(WORK TASK) The line with "New Era 59Fifty" and each line following it, up to the final line of the data, should be set down exactly; pictures stay out.

(DATASET CONTENT)
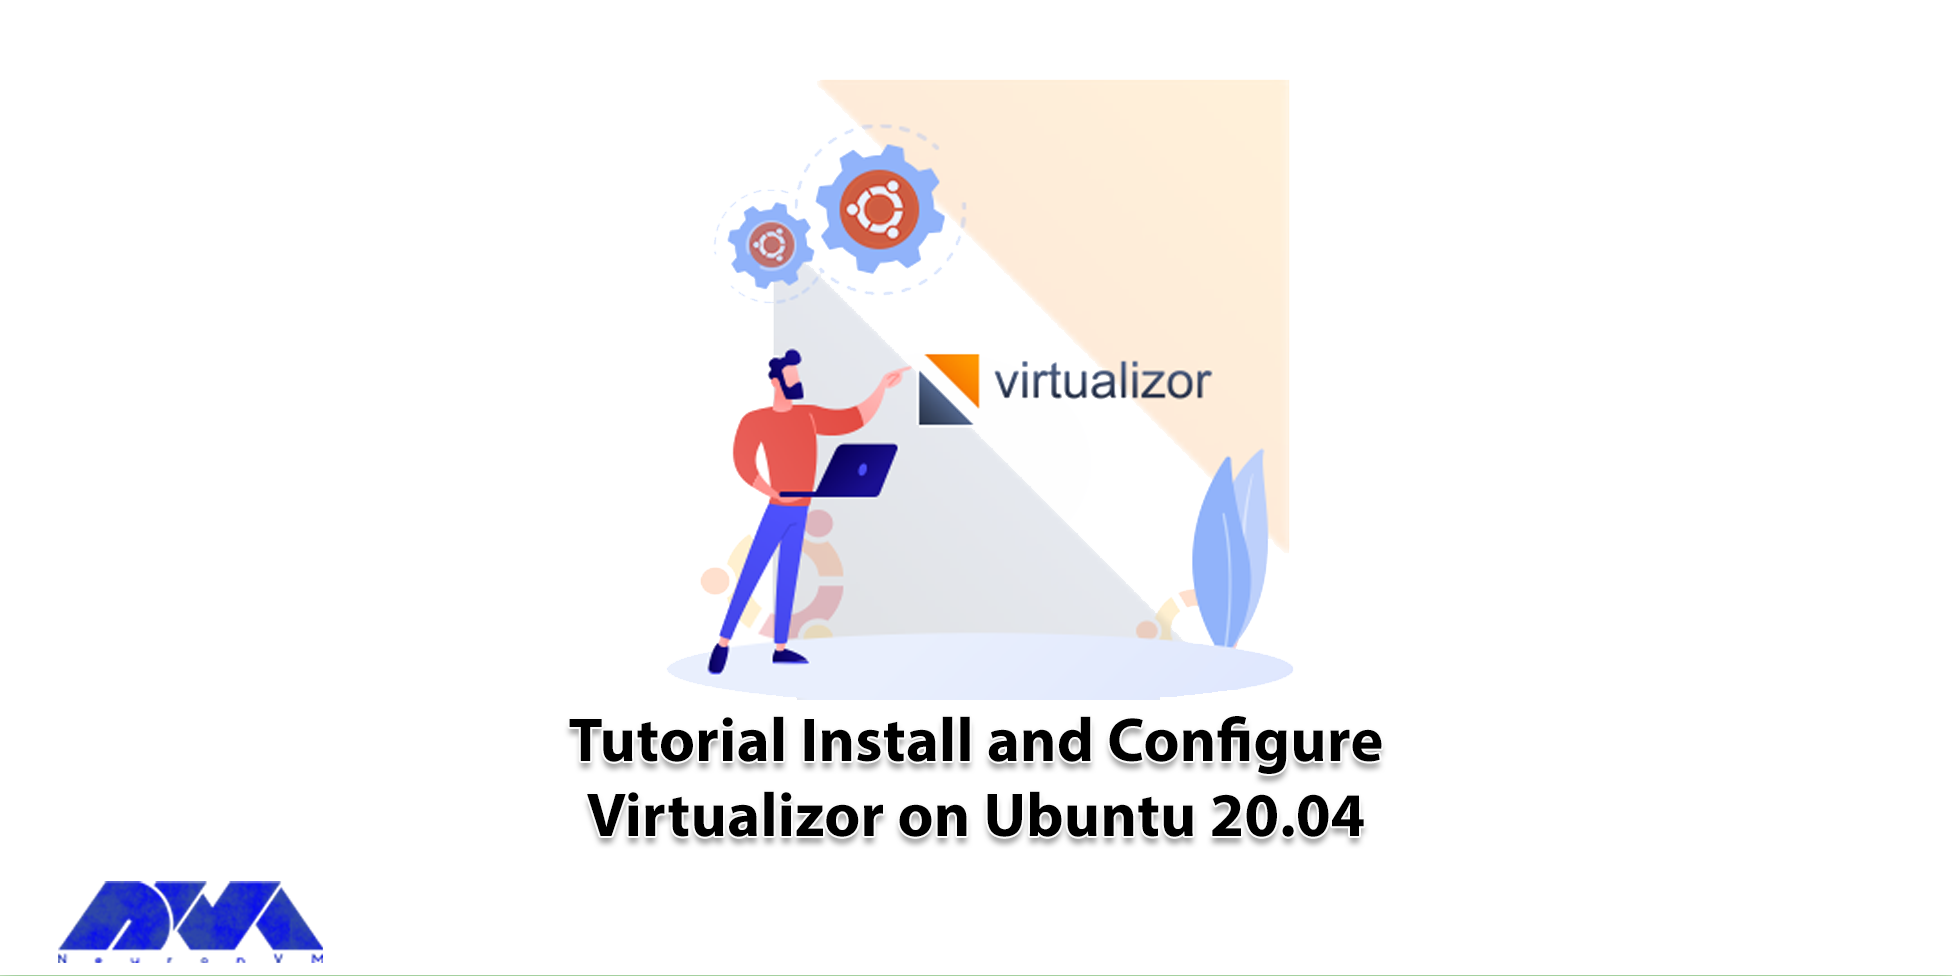 Tutorial Install and Configure Virtualizor on Ubuntu 20.04
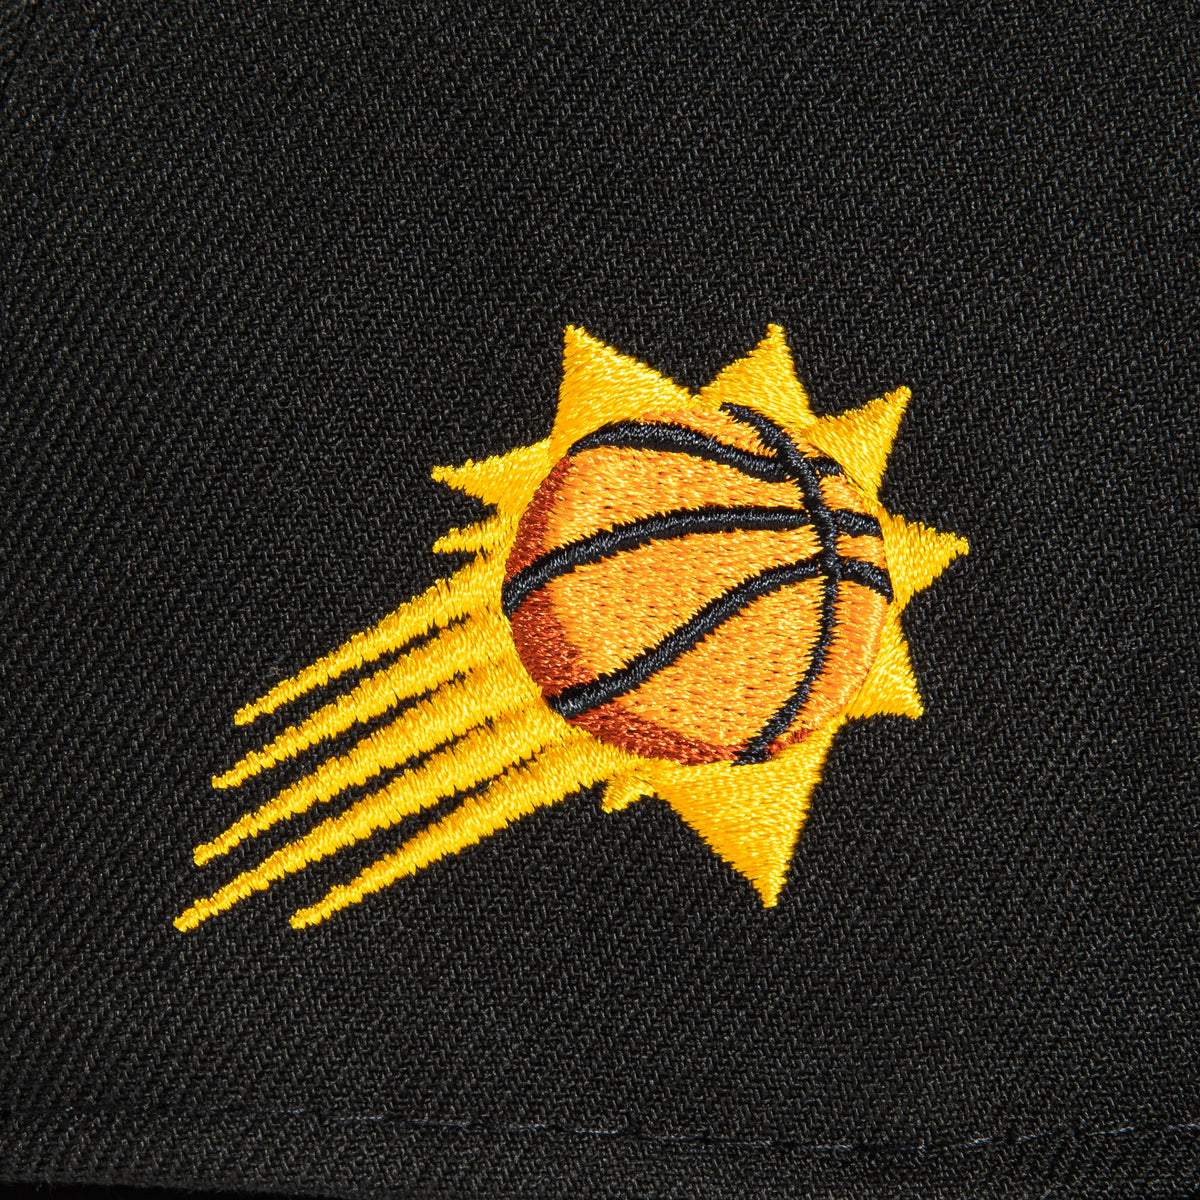 New Era 59Fifty Phoenix Suns Burst Hat - Black
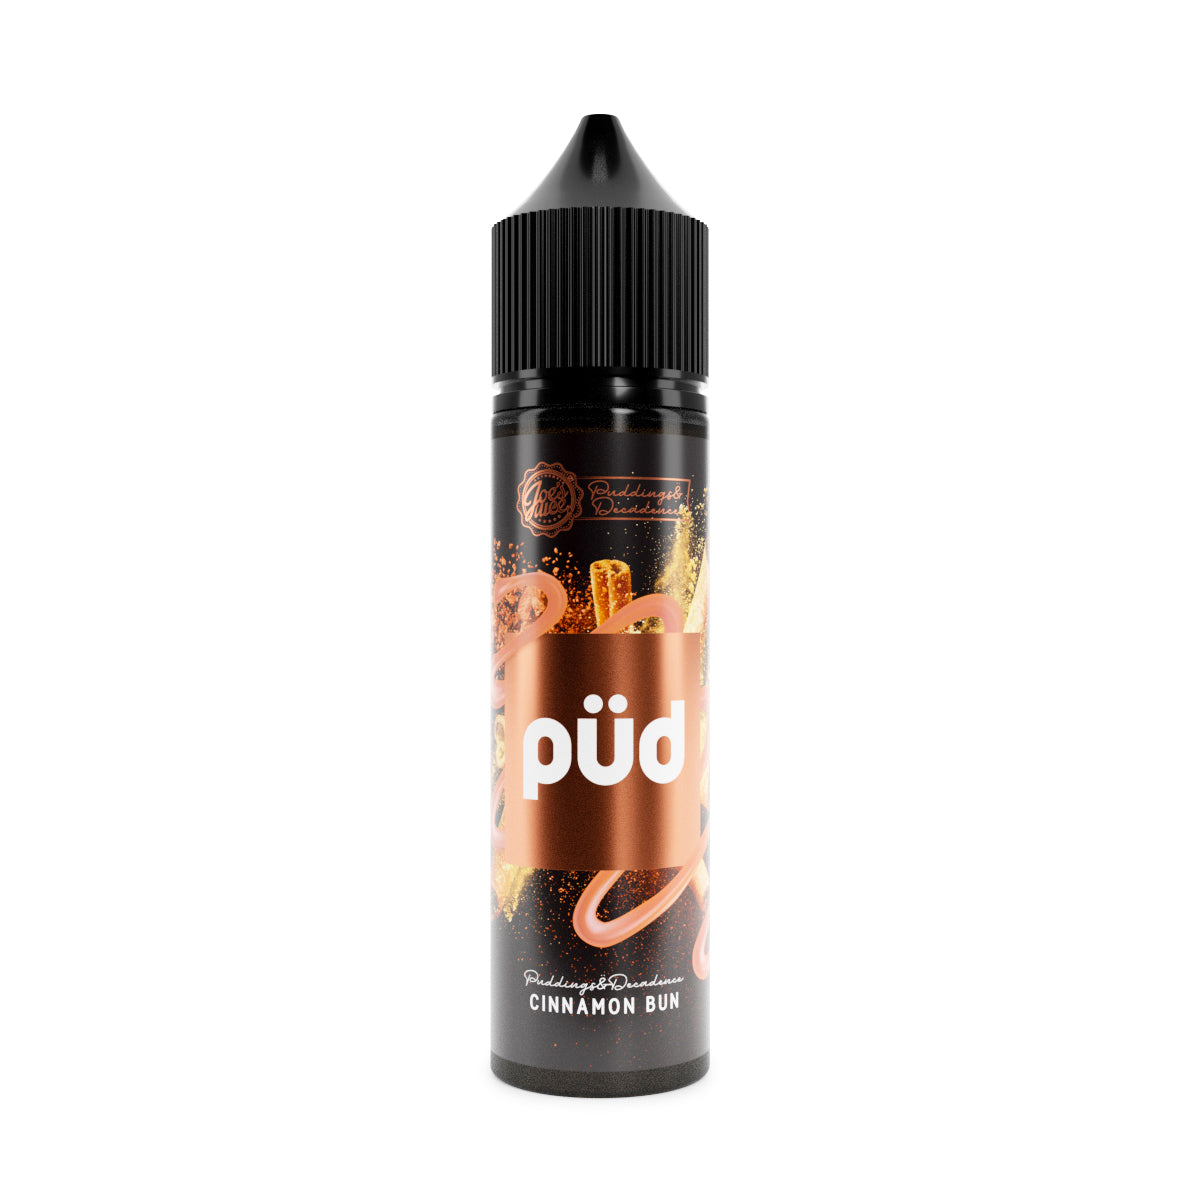 Pud Pudding & Decadence Cinnamon Bun 0mg 50ml Shortfill E-Liquid
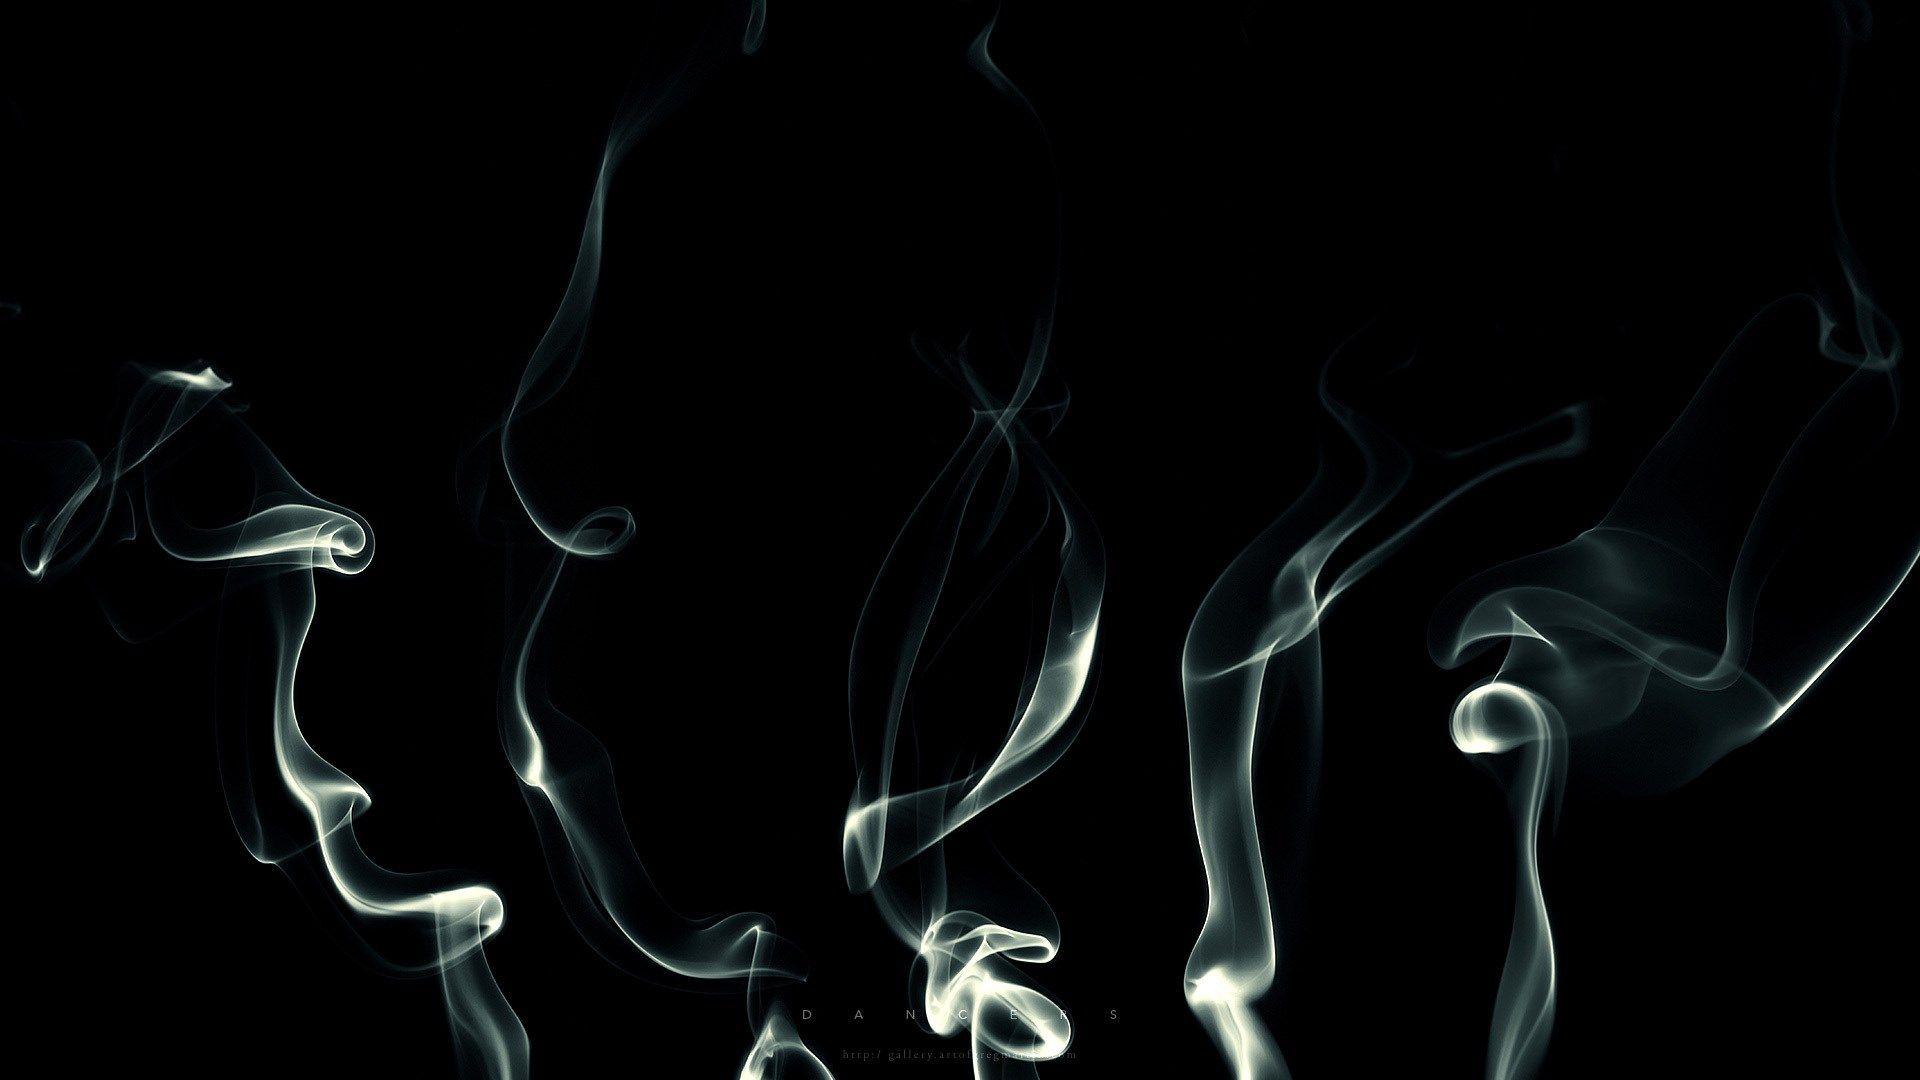 1920 x 1080 · jpeg - art smoke in black wallpaper hd | Phone wallpaper for men, Smoke ...

(SOLUTION TO THIS PROBLEM)
 New Era 59Fifty Phoenix Suns Burst Hat - Black
 Pud Pudding & Decadence Cinnamon Bun 0mg 50ml Shortfill E-Liquid
 1920 x 1080 · jpeg - art smoke in black wallpaper hd | Phone wallpaper for men, Smoke ...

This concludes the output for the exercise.